### Instructions for the task
Drop the pictures and repeat the remaining data exactly.
▬▬▬
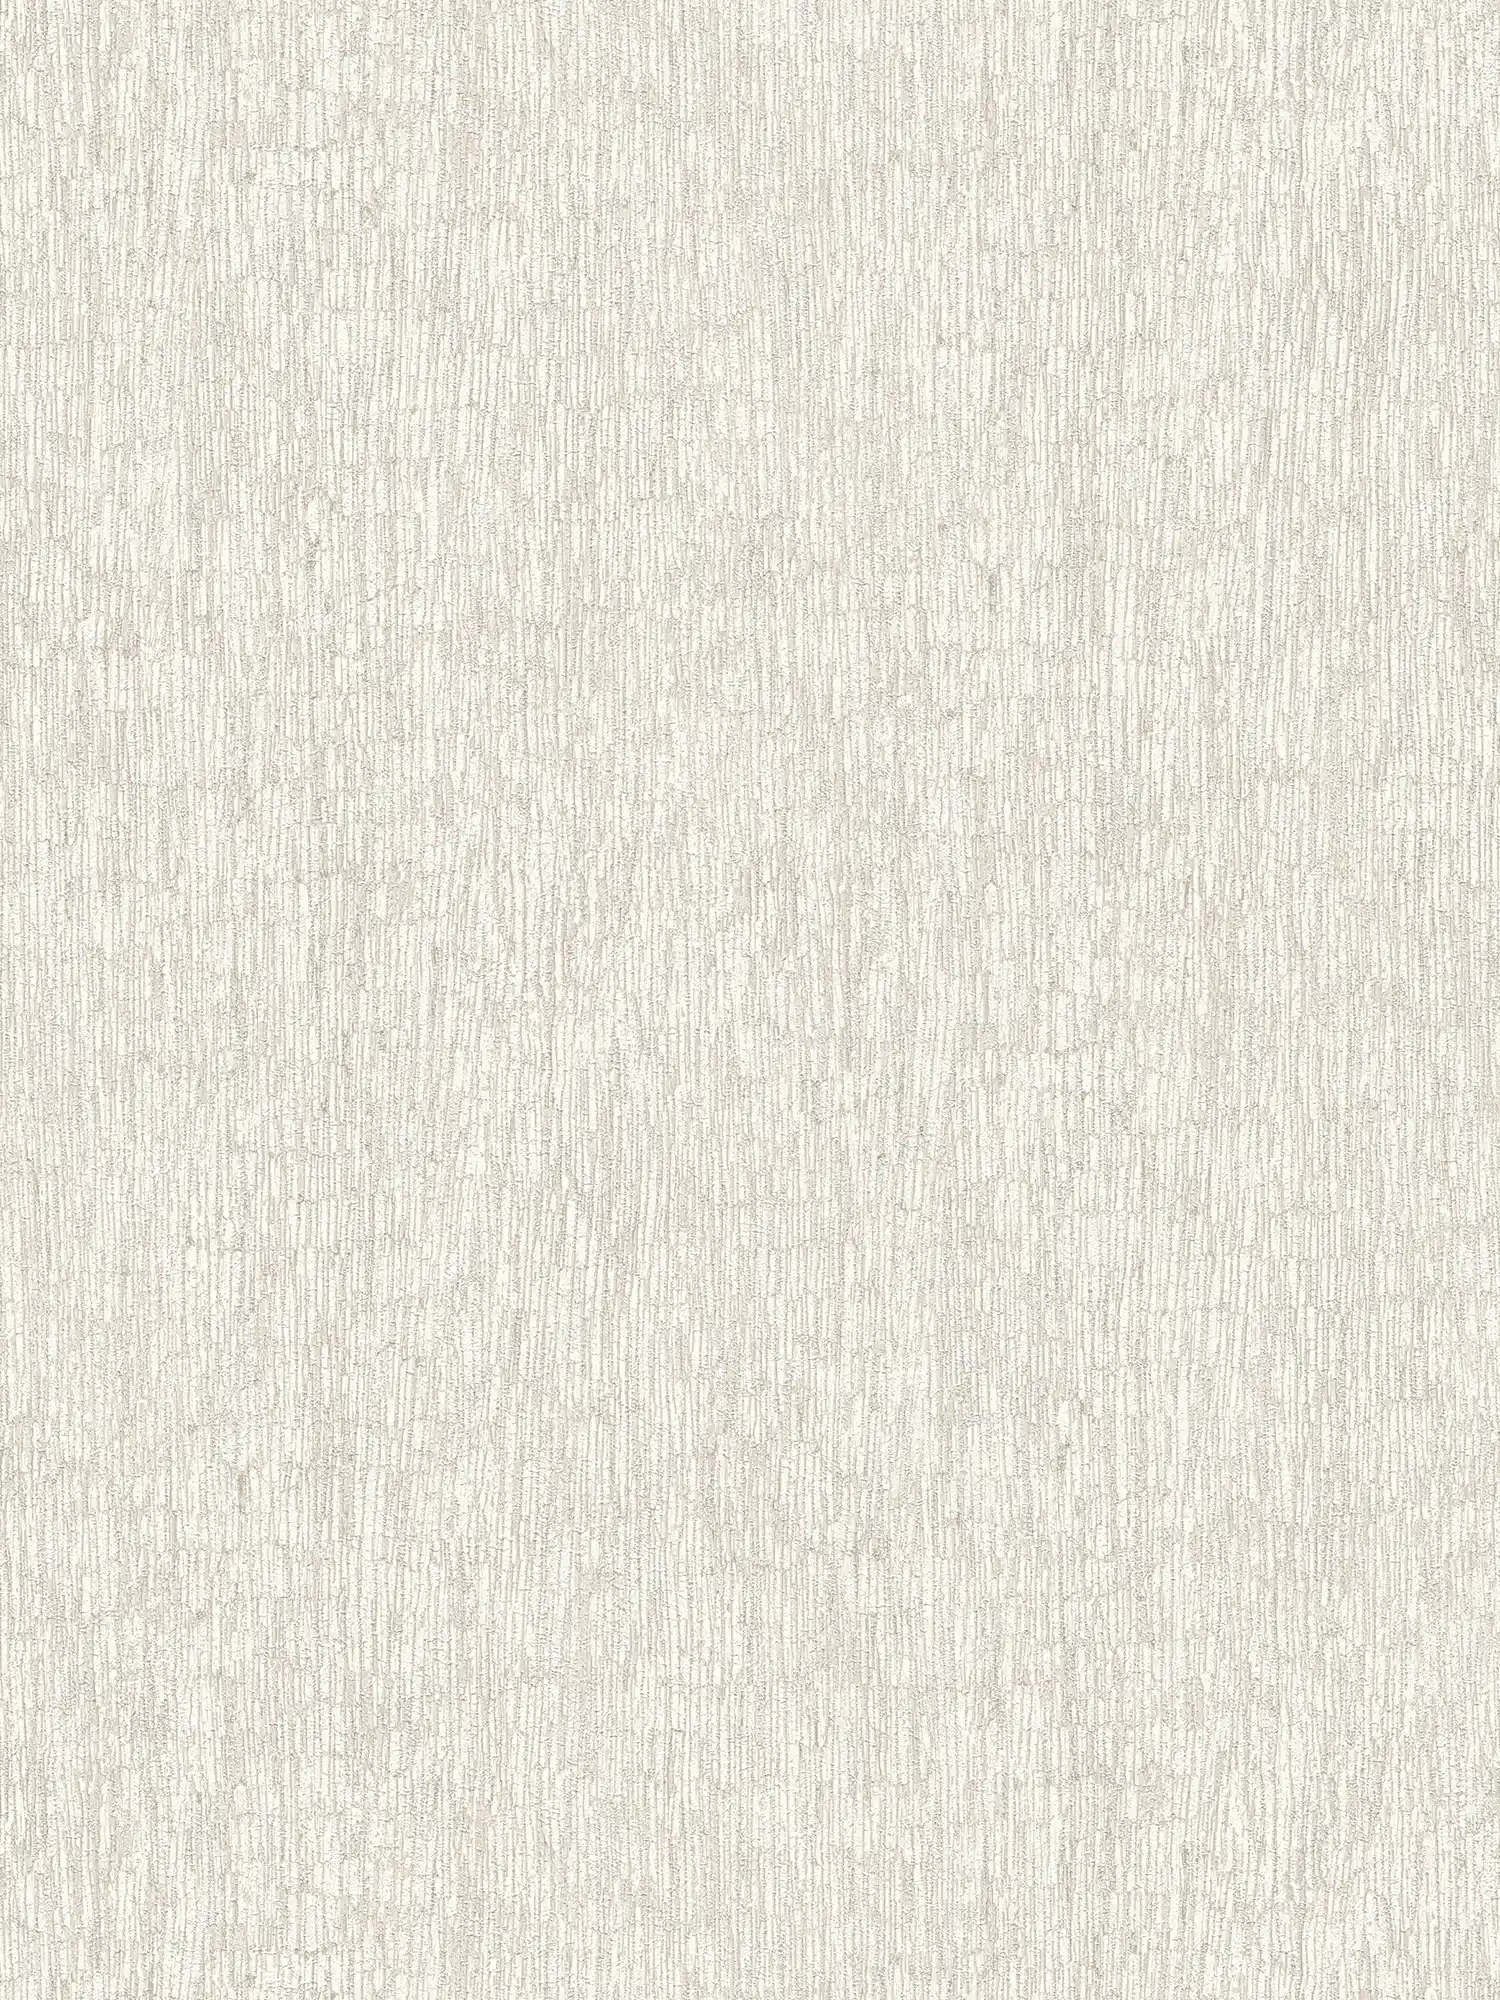 Vliesbehang in textiellook, licht glanzend - wit, grijs, zilver
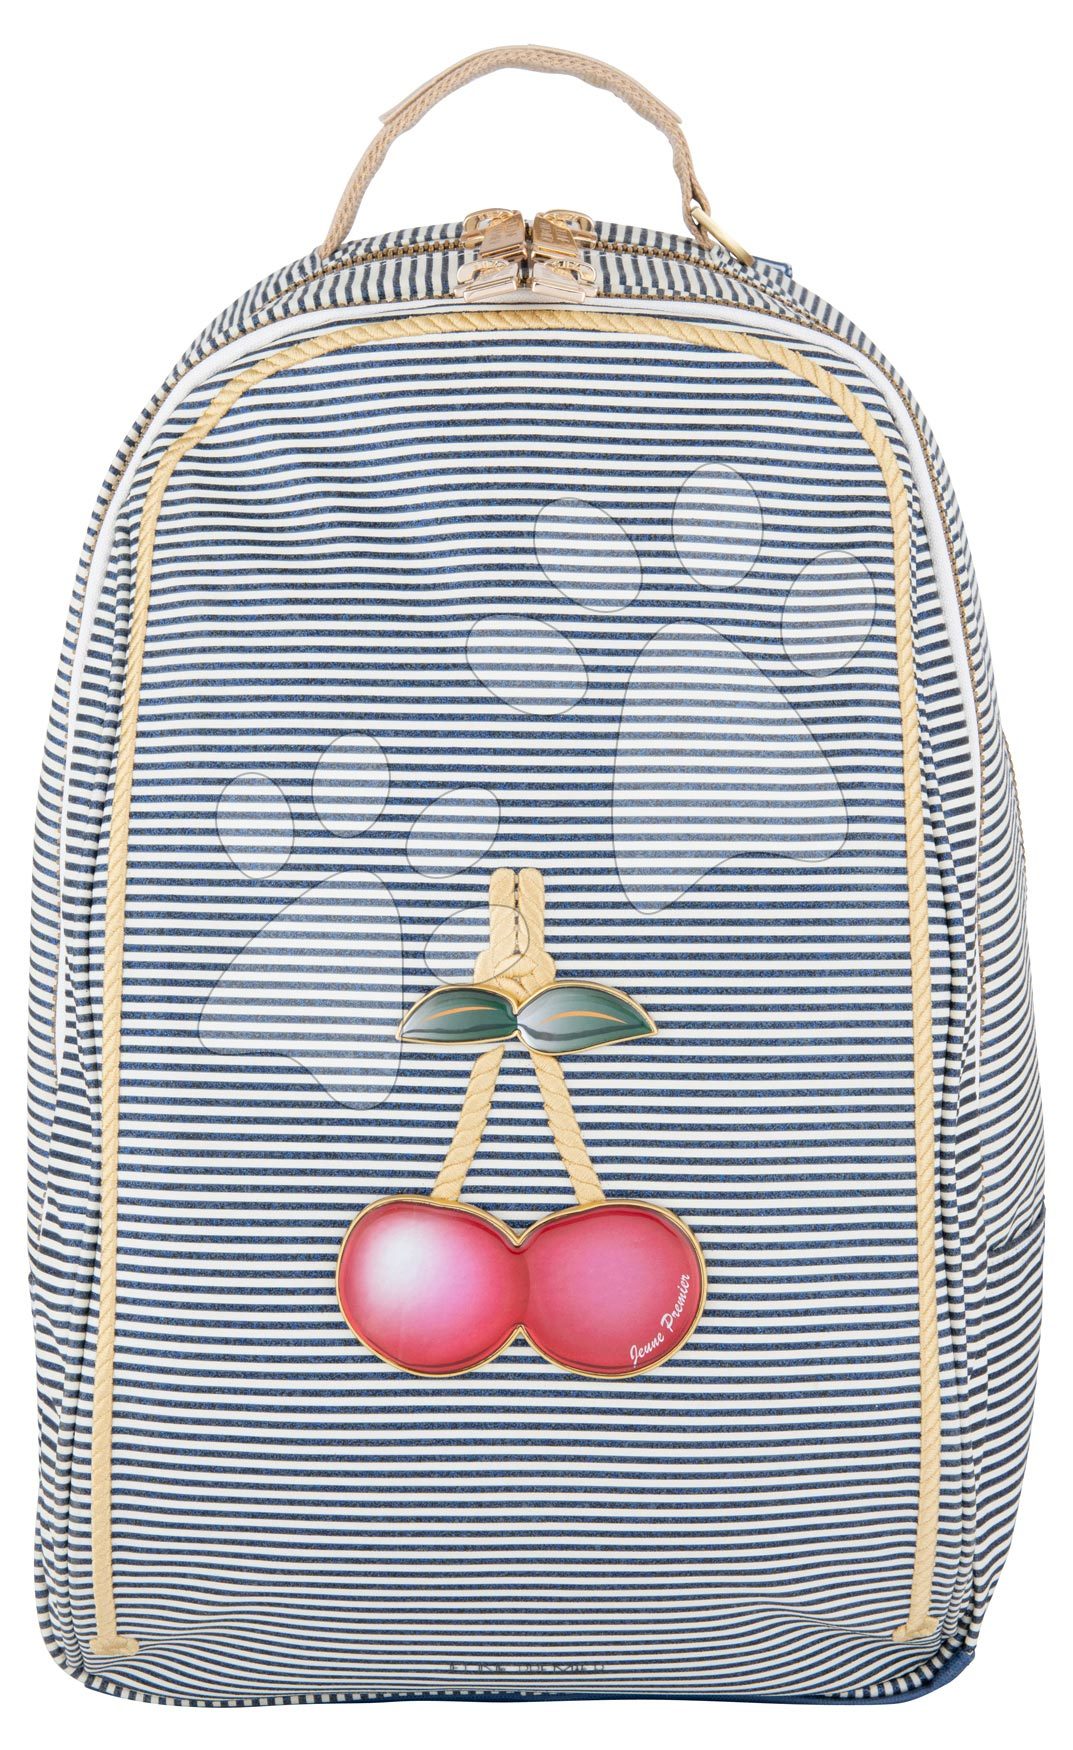 Školské tašky a batohy - Školská taška batoh Backpack James Glazed Cherry Jeune Premier ergonomický luxusné prevedenie 42*30 cm
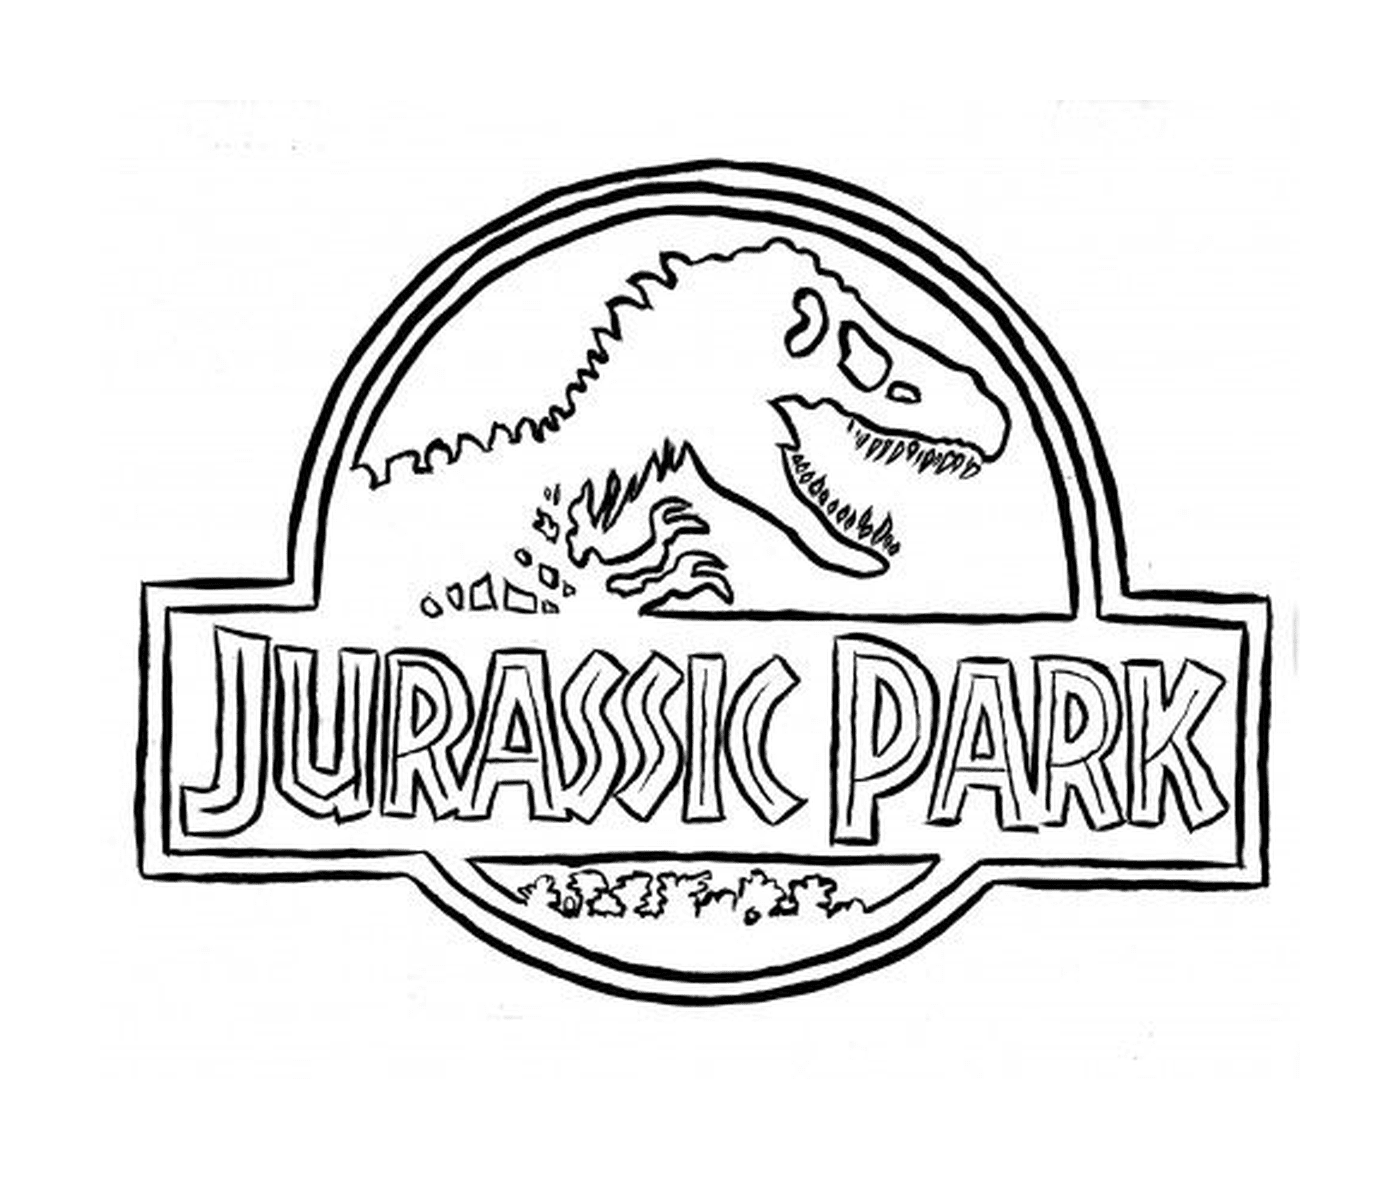  Jurassic Park logo 
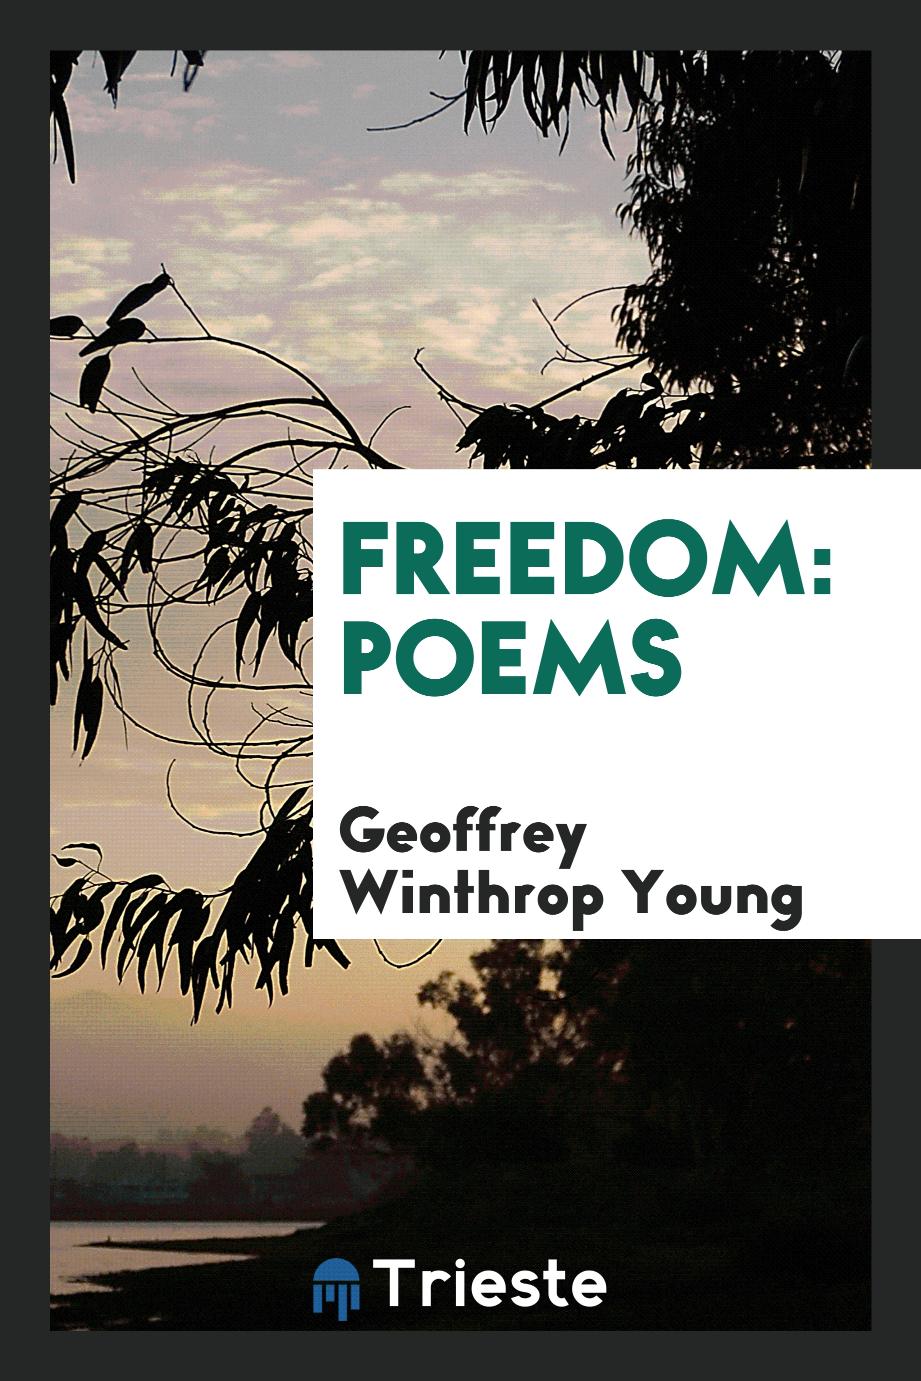 Freedom: poems
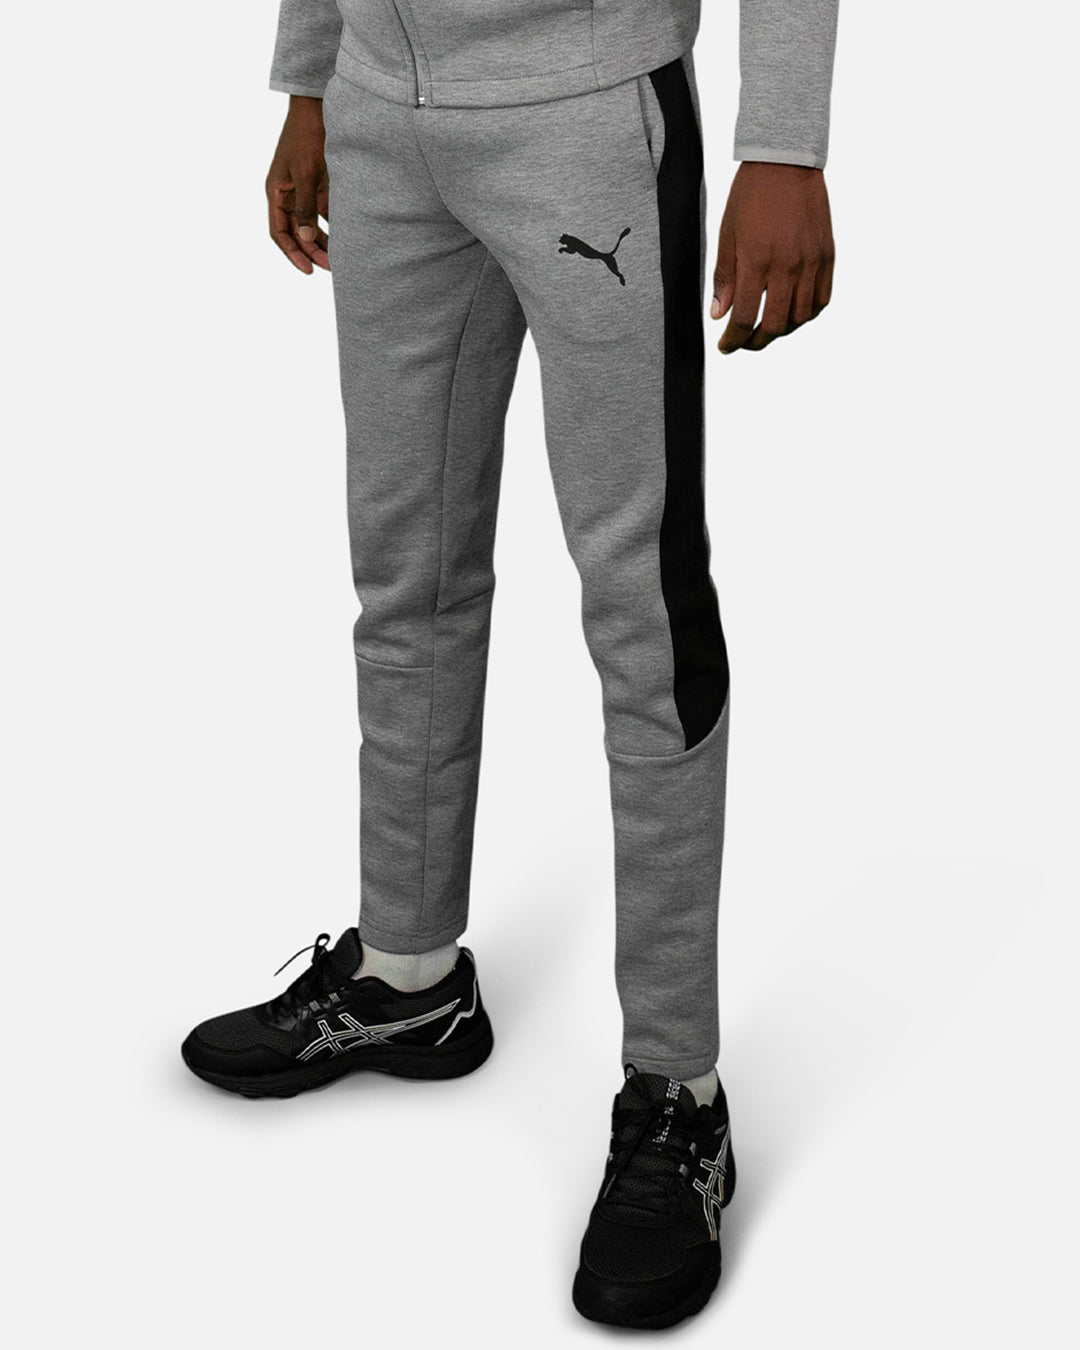 Puma Evostripe Track Pants - Grey/Black
▬▬▬
### Your response
 Vliesbehang in textiellook, licht glanzend - wit, grijs, zilver
 Školské tašky a batohy - Školská taška batoh Backpack James Glazed Cherry Jeune Premier ergonomický luxusné prevedenie 42*30 cm
  Jurassic Park logo 
 Freedom: poems
 Puma Evostripe Track Pants - Grey/Black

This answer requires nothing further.